*Task to carry out*
Leaving out all pictures, return exactly the lines from the one that contains "Cover Image for" through the end of the data below.

*Given information*

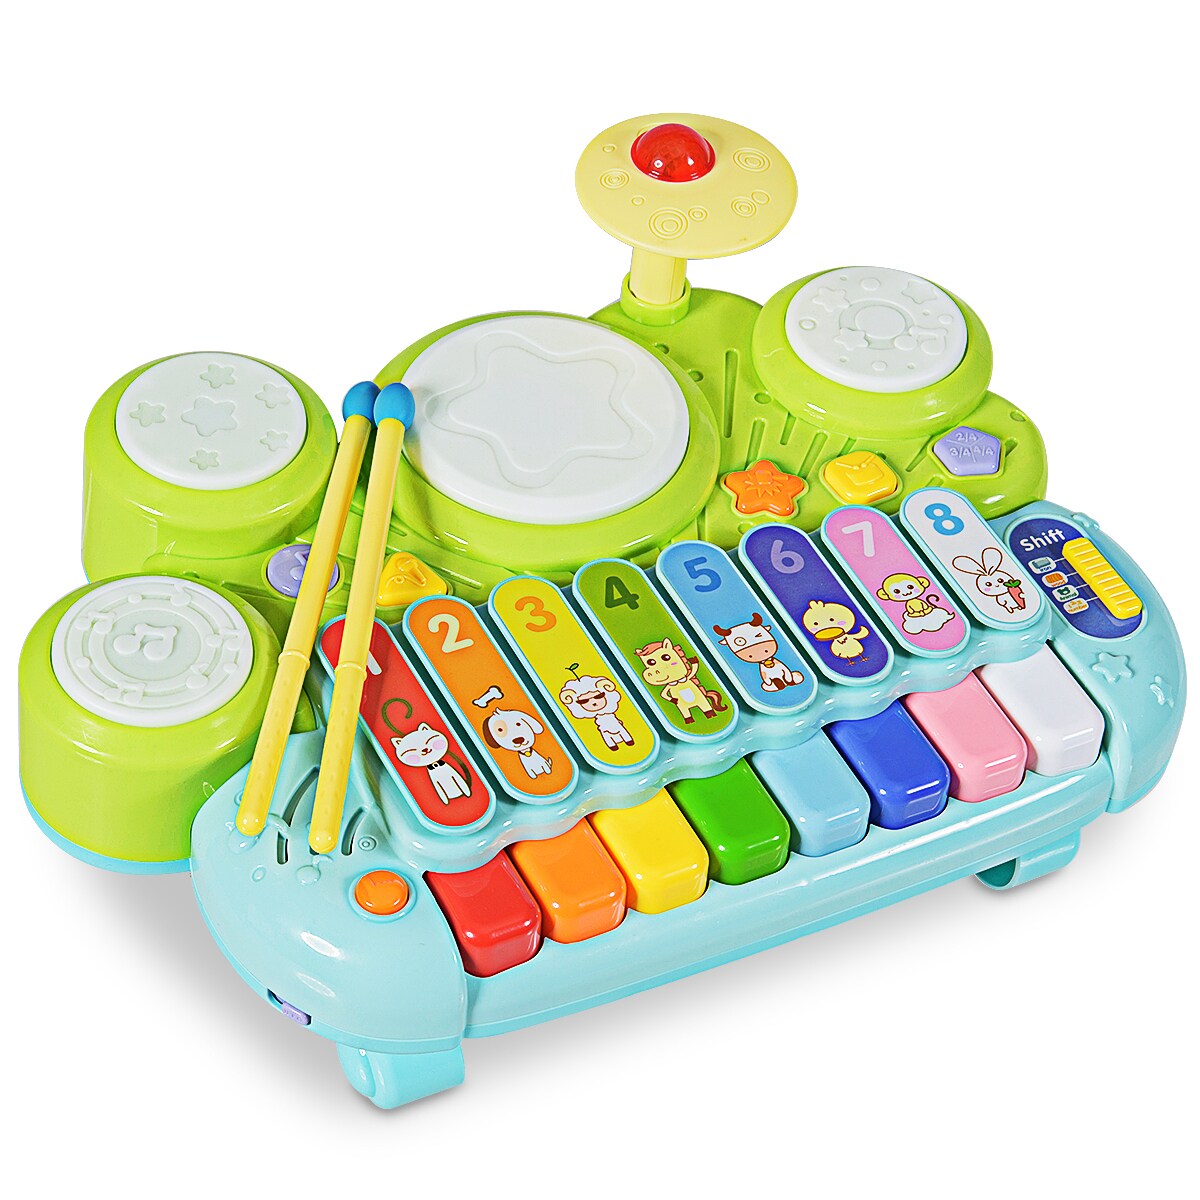 Gymax 3-in-1 Drum Xylophone Piano Keyboard Set Electronic Musical Instrument Toy
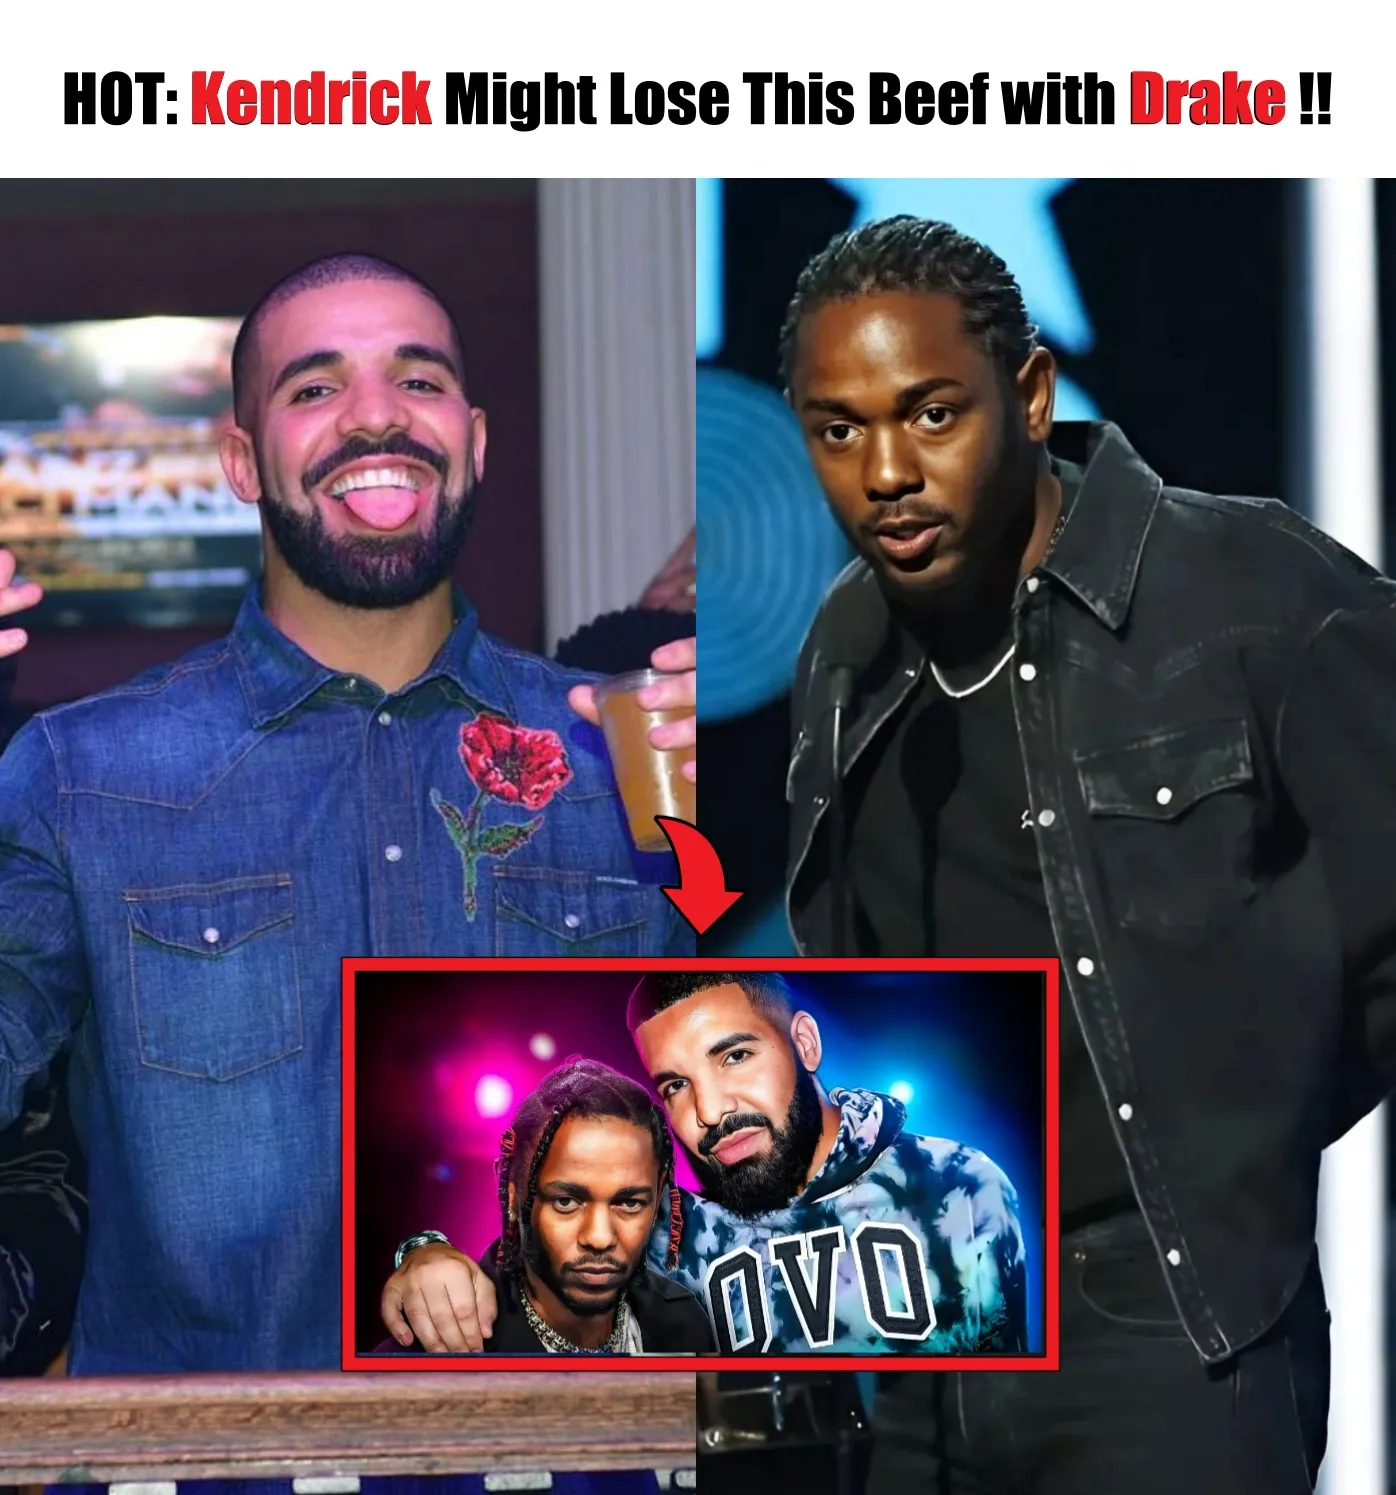 Cover Image for Kendrick Might Lose This Beef with Drake !!
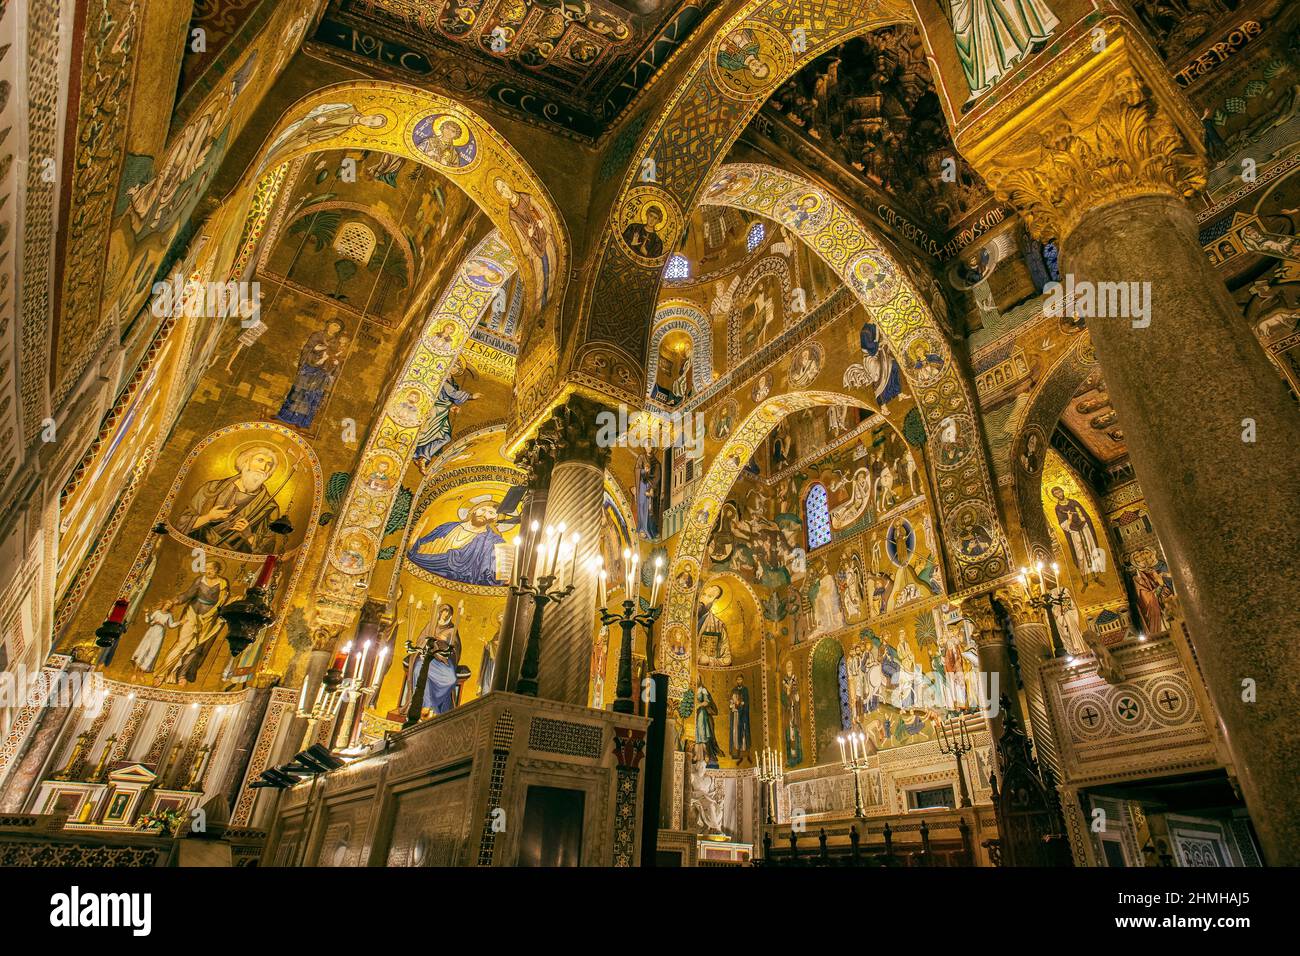 Cappella Palatina (Palatine Chapel) with magnificent gold mosaics in the Palazzo Reale (Palazzo dei Normanni), Palermo, Sicily, Italy Stock Photo

*Answer box*
 Cover Image for Kendrick Might Lose This Beef with Drake !!
 Cappella Palatina (Palatine Chapel) with magnificent gold mosaics in the Palazzo Reale (Palazzo dei Normanni), Palermo, Sicily, Italy Stock Photo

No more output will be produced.